Azerbaijani authorities have arrested an ethnic Talysh researcher on charges of treason and inciting ethnic hatred.
On Wednesday, Igbal Abilov was remanded into four months pre-trial detention. He has also reportedly been barred from receiving visitors, including his family. Abilov was detained by the State Security Service on Monday in the village of Bala Kolatan, in southern Azerbaijan.
Pro-government news site Qafqazinfo.az reported that Abilov is accused of working with the Armenian security services.
They said he had been accused of ‘organising activities’ against Azerbaijan’s territorial integrity, ‘attracting disruptive forces from different countries’, and ‘taking action aimed at creating hatred and enmity on ethnic grounds’.
They said he was accused of making ‘secret negotiations and deals’ via Skype with Armenian academics.
This included Garnik Asatryan, the head of the Institute of Oriental Studies at the Russian–Armenian University in Yerevan, which they accused of ‘conducting targeted work against Azerbaijan’s territorial integrity’.
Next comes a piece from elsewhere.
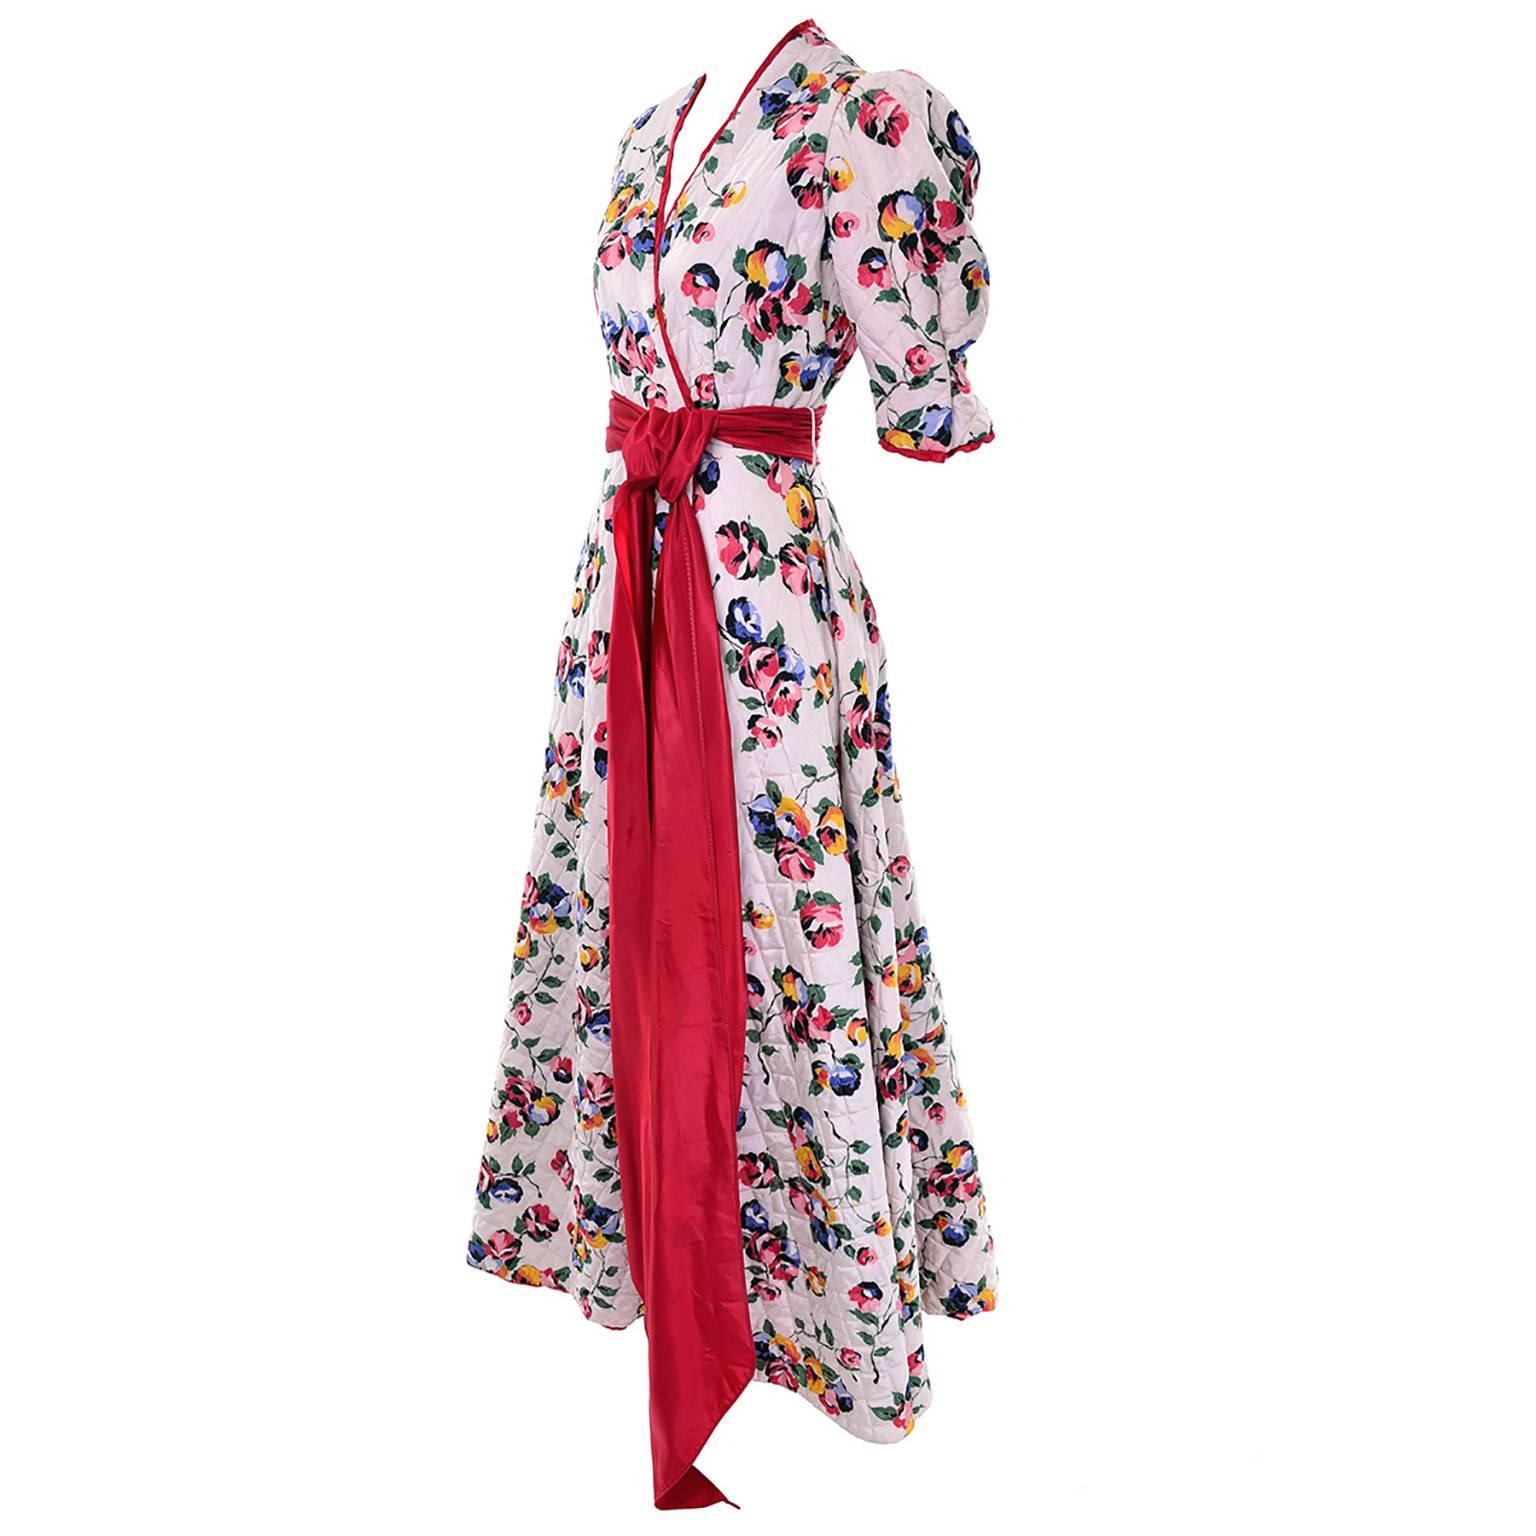 Ce manteau d'intérieur vintage matelassé à fleurs, rose pâle, des années 1940 est superbe en personne. Cette magnifique robe est doublée de rouge, bordée de rouge et munie d'une magnifique ceinture rouge.  Il s'agit d'une taille Small et il est en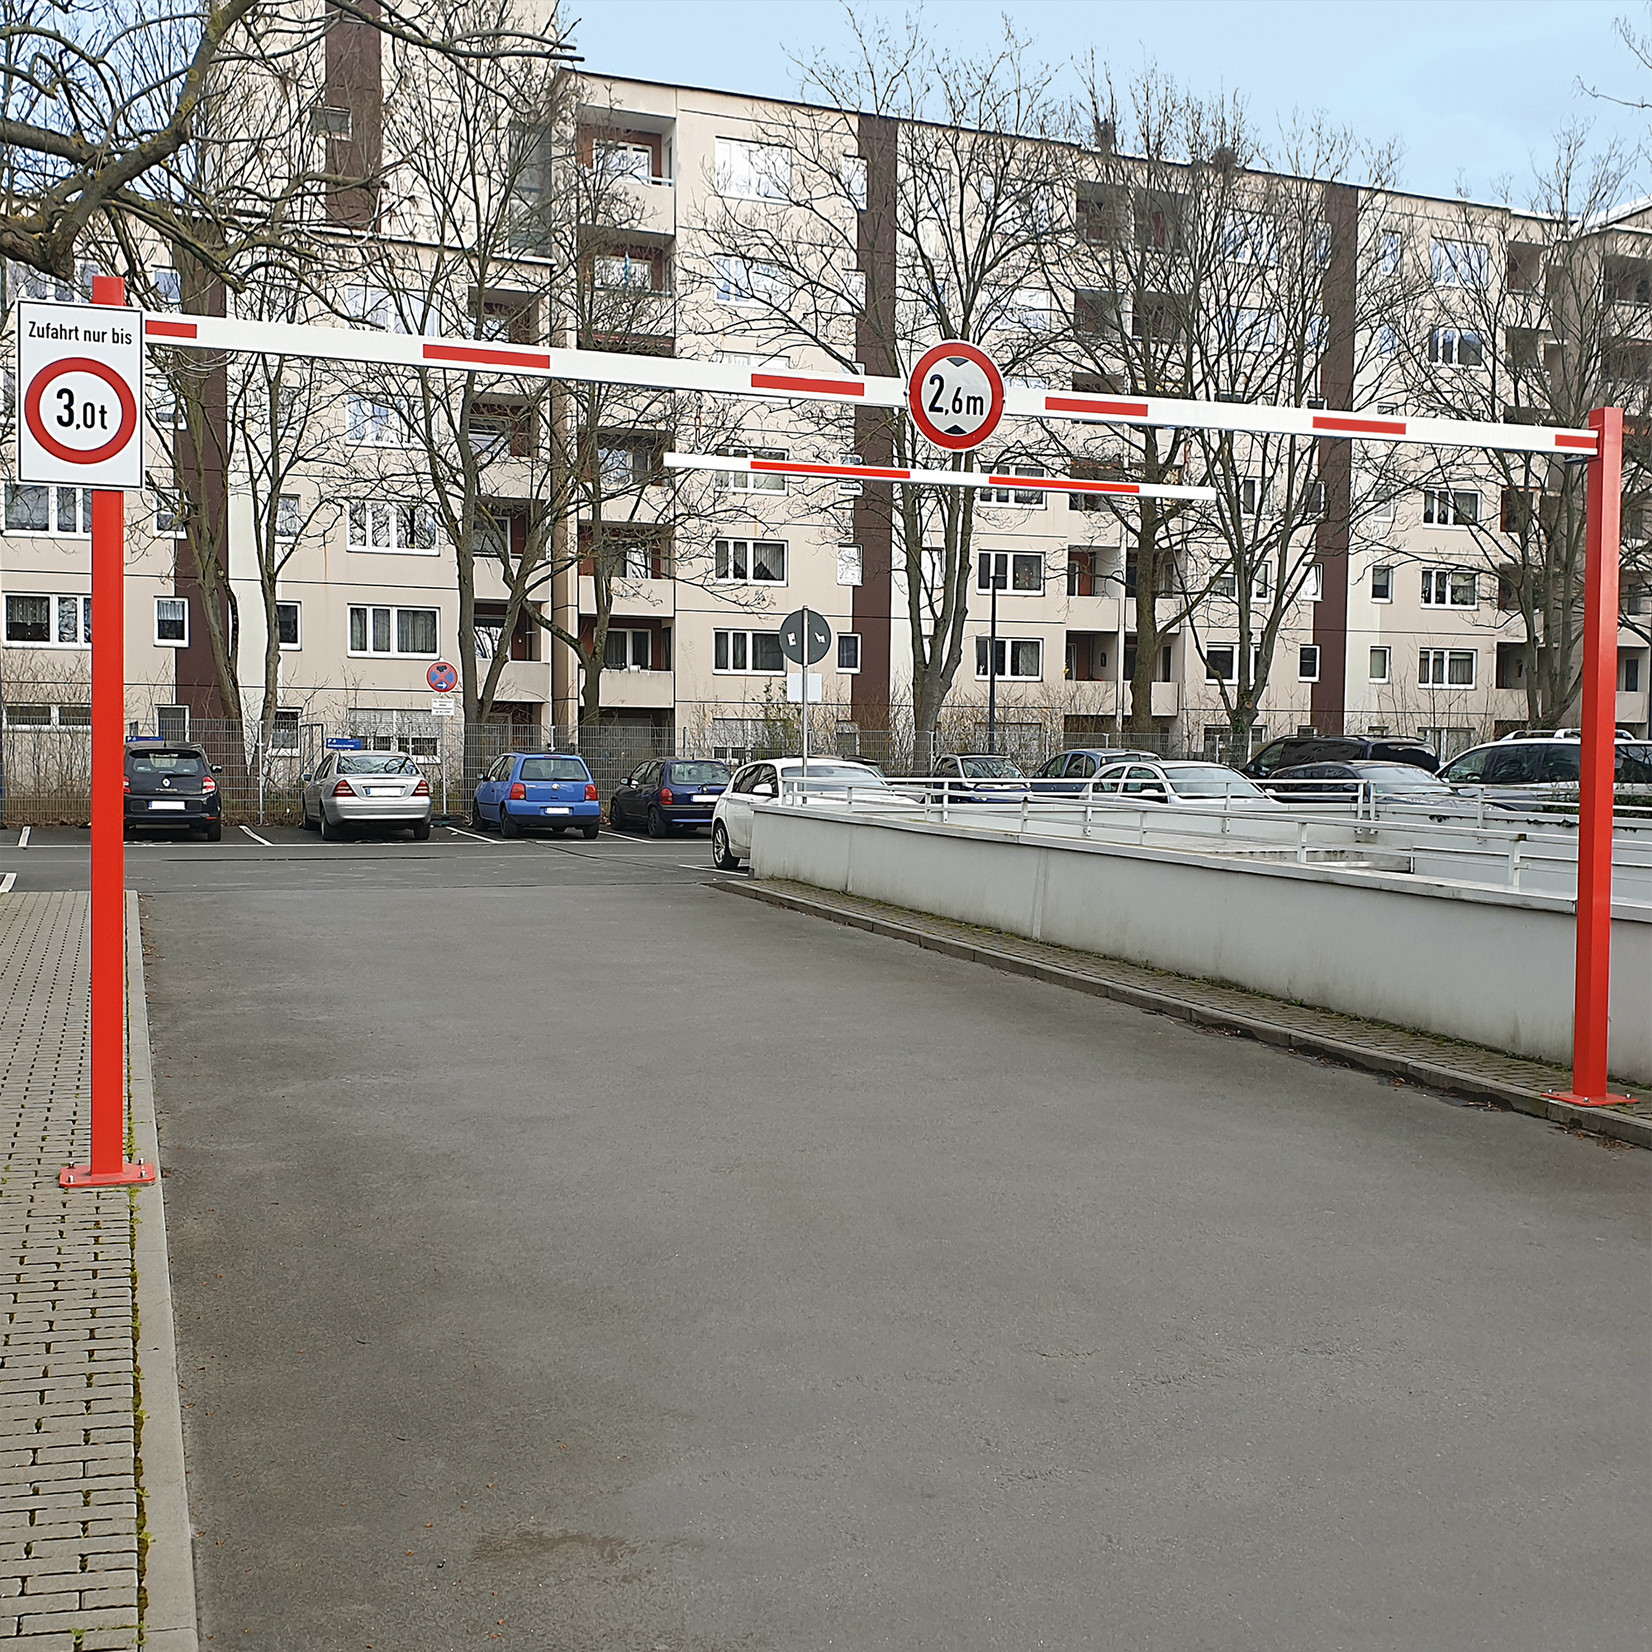 COMPACT doorgang- en hoogtebegrenzer - 10230 x 3010 mm - rood/wit

They also said he was suspected of ‘providing assistance to Vardan Voskanian and others associated with the Armenian Special Service Organisation’. Vardan Voskanian heads the Department of Iranian Studies at Yerevan State University.
Abilov is one of the founders of the Talysh National Academy based in Belarus, and the editor of its namesake magazine. The organisation describes the magazine as ‘the first international scientific publication dedicated to comprehensive study of Talysh’.
Abilov’s father, Shahin Abilov, denied all the allegations against his son. He told OC Media that Abilov, who has lived in Belarus since childhood, was a researcher of many ethnic minorities ‘from the Caucasus to China’, including the Talysh.
He said his son was first approached by the State Security Service on 22 June, when officers took him for questioning for six hours.
He said his son was asked about his meetings with different people. Abilov met with and kept in contact with many people in Azerbaijan, some of whom were ethnically Talysh.
The following day, he said his son had tried to leave the country but was stopped at the airport where his passport and phone were confiscated.
The subject of Talysh rights and culture have for decades been a sensitive subject for the Azerbaijani authorities. In 1993, a short-lived separatist entity in southern Azerbaijan emerged calling itself the Talysh-Mughan Autonomous Republic. Its leader was soon arrested.
Since then, Azerbaijan has frequently arrested Talysh activists and cultural figures, including on charges of treason.
In November 2020, Talysh historian and activist Fakhraddin Abbasov died in prison, where he was serving 16 years for treason.
In April 2021, Talysh blogger Aslan Gurbanov was sentenced to seven years in prison for ‘inciting national hatred’.
A 2021 report by the Talysh Public Council of Azerbaijan, which advocates for Talysh rights in the country, condemned the Azerbaijani government for not respecting the Talysh language, identity, or rights to education in their own language.
‘The Talysh are not recognised as a people by the Azerbaijani government’, the report stated. ‘The government is pursuing a policy of de facto assimilation of the Talysh.’